TCAs are safe and generally well tolerated when properly prescribed and administered. However, if taken in overdose, TCAs can cause life-threatening heart-rhythm disturbances. Some TCAs can also have anticholinergic side effects, which are due to the blocking of the activity of the nerves that are responsible for control of the heart rate, gut motion, visual focus, and saliva production. Thus, some TCAs can produce dry mouth, blurred vision, constipation, and dizziness upon standing.
The dizziness results from low blood pressure that occurs upon standing (orthostatic hypotension). Anticholinergic side effects can also aggravate narrow-angle glaucoma, urinary obstruction due to benign prostate hypertrophy, and cause delirium in the elderly. TCAs should also be avoided in patients with seizure disorders or a history of strokes.
Stimulants such as methylphenidate (Ritalin) or dextroamphetamine (Dexedrine) are used primarily for the treatment of depression that is resistant to other medications. The stimulants are most commonly used along with other antidepressants or other medications, such as mood stabilizers, antipsychotics, or even thyroid hormone. They are sometimes used alone but rarely.
The reason they are usually used sparingly and with other medications for depression is that unlike the other medications, they may induce an emotional rush and a high in both depressed and nondepressed people. Therefore, the stimulants are potentially addictive drugs.
Electroconvulsive therapy (ECT)
In the ECT procedure, an electric current is passed through the brain to produce controlled convulsions (seizures). ECT is useful for certain patients, particularly for those who cannot take or have not responded to a number of antidepressants, have severe depression, and/or are at a high risk for suicide.

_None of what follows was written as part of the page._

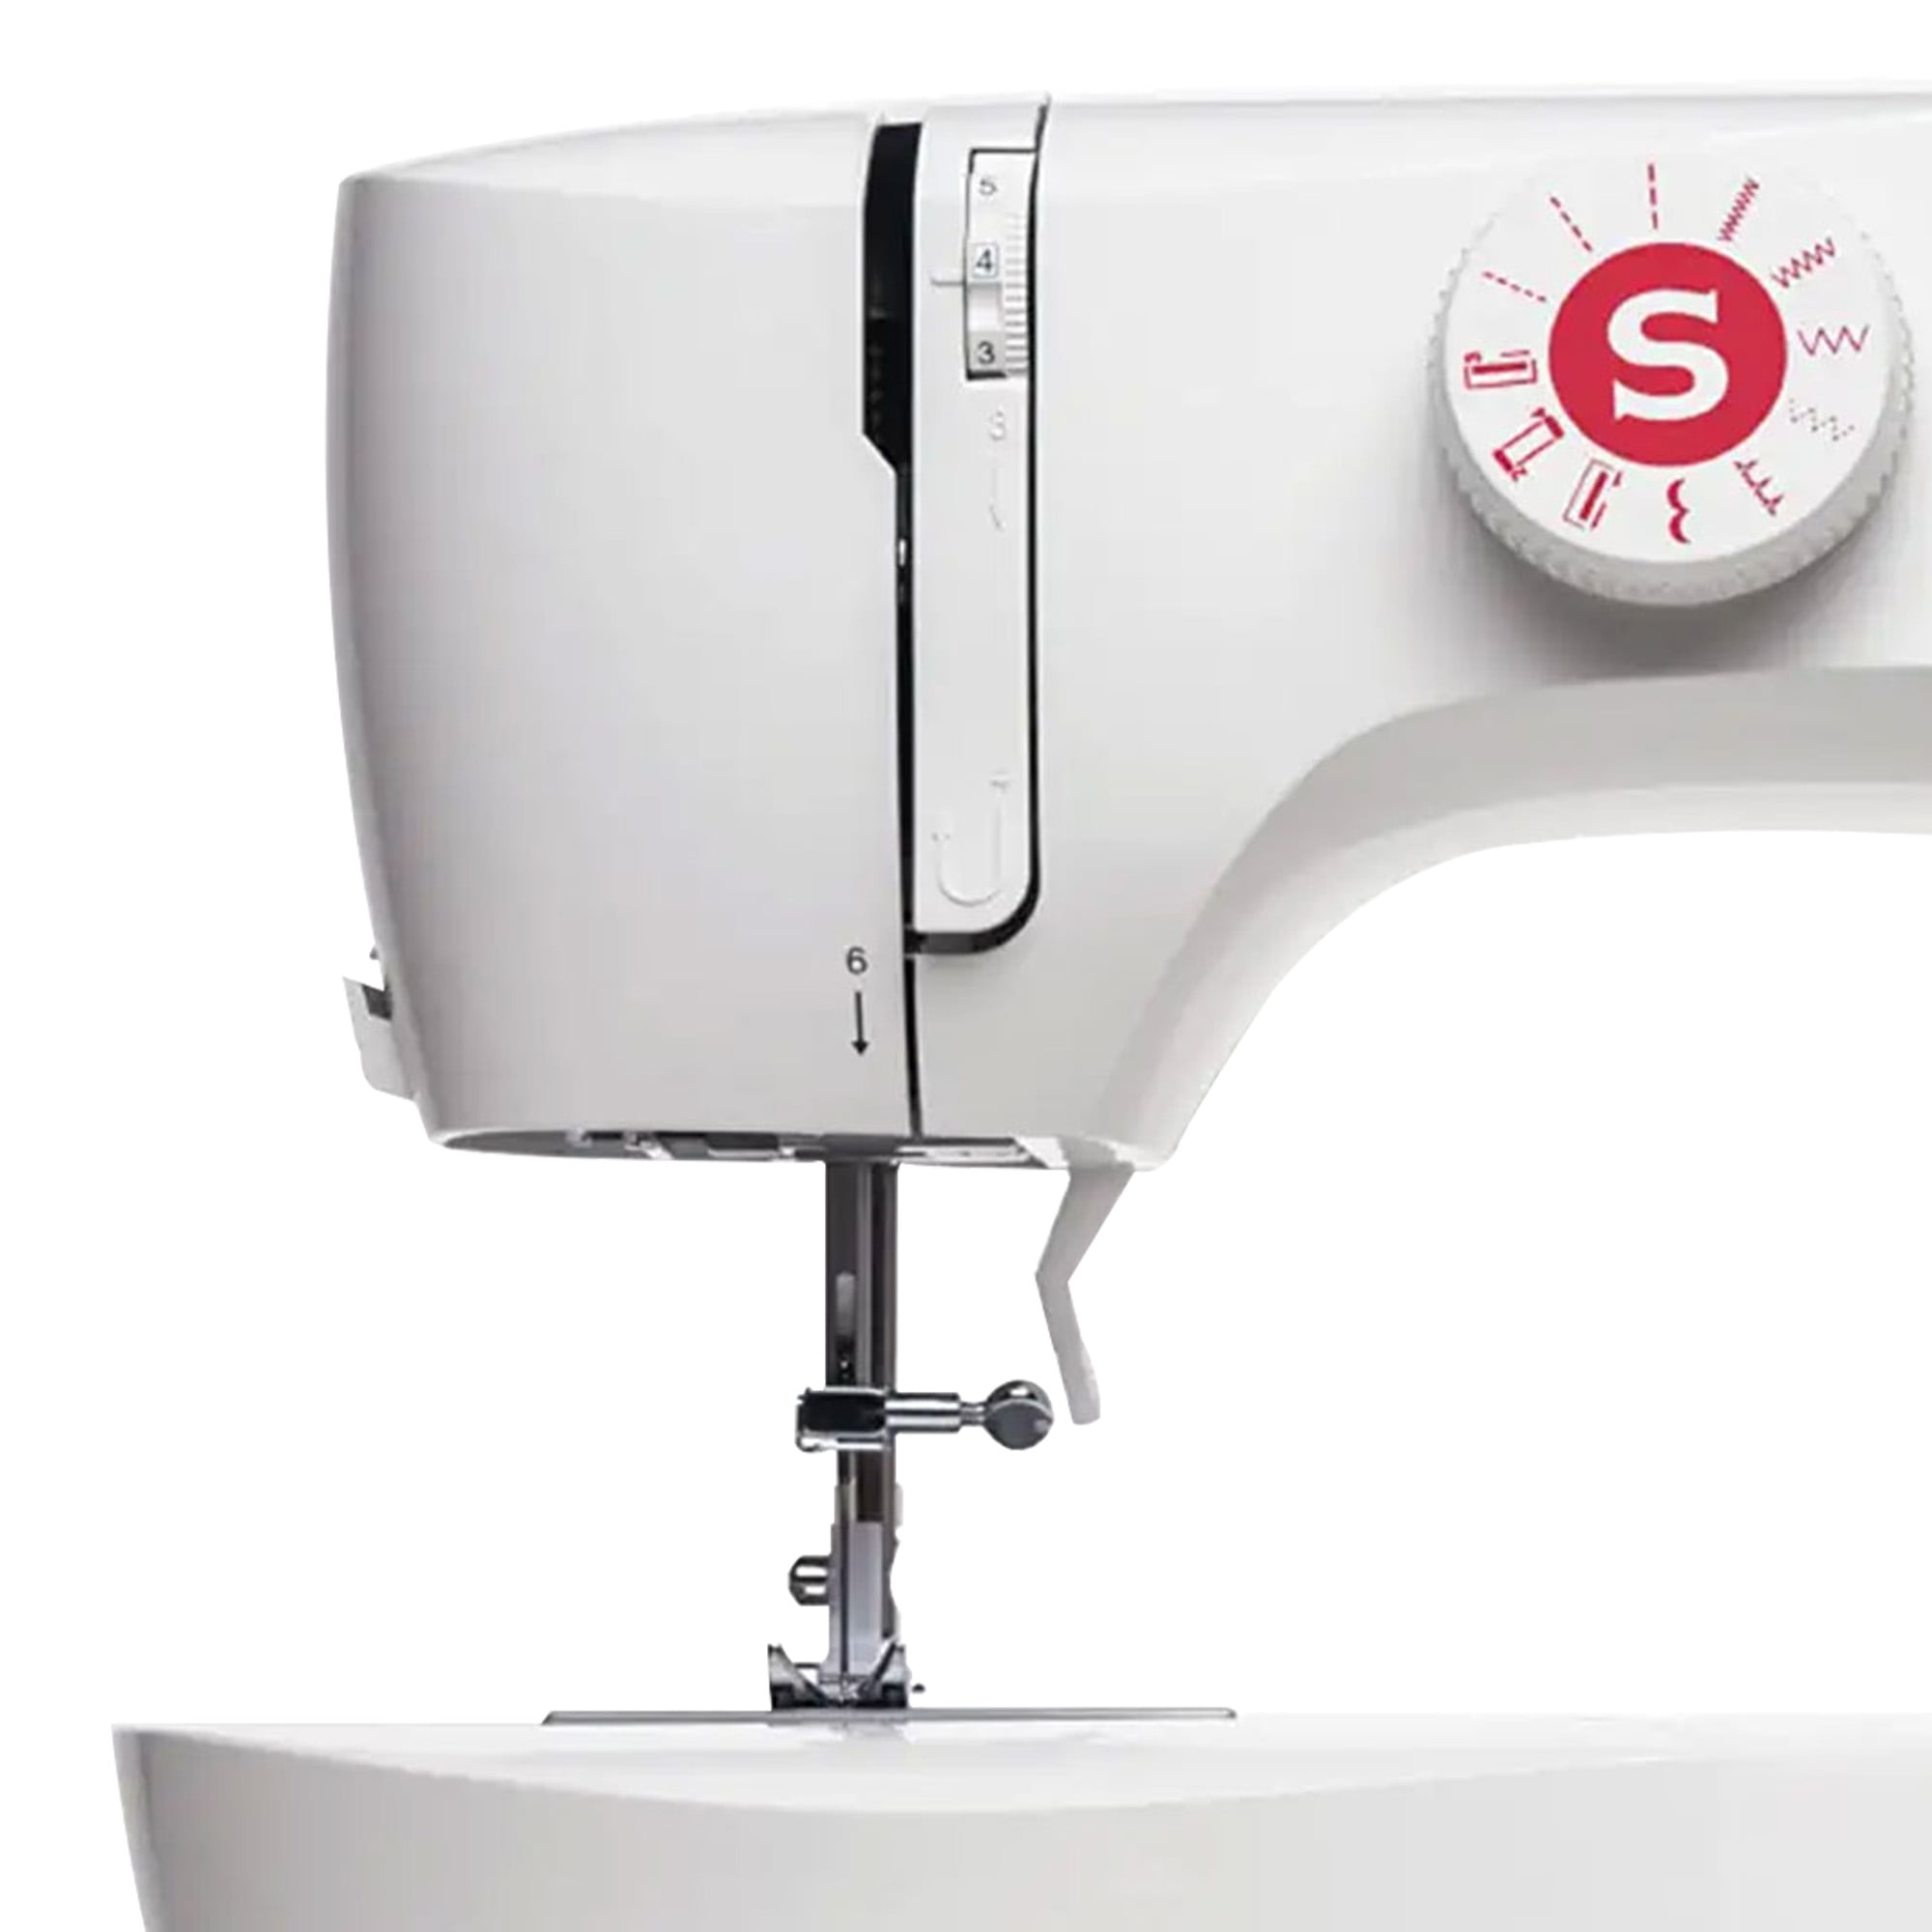 Singer Sewing Machine, White - 20248860

ECT often is effective in cases where trials of a number of antidepressant medications do not provide sufficient relief of symptoms. This procedure probably works, as previously mentioned, by a massive neurochemical release in the brain due to the controlled seizure.
Often highly effective, ECT relieves depression within one to two weeks after beginning treatments in many people. After ECT, some patients will continue to have maintenance ECT, while others will return to antidepressant medications or have a combination of both treatments.
Over the years, the technique of ECT has been much improved. The treatment is given in the hospital under anesthesia so that people receiving ECT do not hurt themselves or feel pain. Most patients undergo six to 10 treatments. An electrical current is passed through the brain to cause a controlled seizure, which typically lasts for 20 to 90 seconds. The patient is awake in five to 10 minutes. The most common side effect is short-term memory loss, which resolves quickly. ECT can usually be safely done as an outpatient procedure.
Many forms of psychotherapy are effectively used to help depressed individuals, including some short-term (10 to 20 weeks) therapies. Talkingtherapies (psychotherapies) help patients gain insight into their problems and resolve them through verbal give-and-take with the therapist. Behavioraltherapists help patients learn how to obtain more satisfaction and rewards through their own actions. These therapists also help patients to unlearn the behavioral patterns that may contribute to their depression.
Interpersonal and cognitive/behavioral therapies are two of the short-term psychotherapies that research has shown to be helpful for some forms of depression. Interpersonal therapists focus on the patient's disturbed personal relationships that both cause and exacerbate the depression. Cognitive/behavioral therapists help patients change the negative styles of thinking and behaving that are often associated with depression.
Psychodynamic therapies are sometimes used to treat depression. They focus on resolving the patient's internal psychological conflicts that are typically thought to be rooted in childhood. Long-term psychodynamic therapies are particularly important if there seems to be a lifelong history and pattern of inadequate ways of coping (maladaptive coping mechanisms) in negative or self-injurious behavior.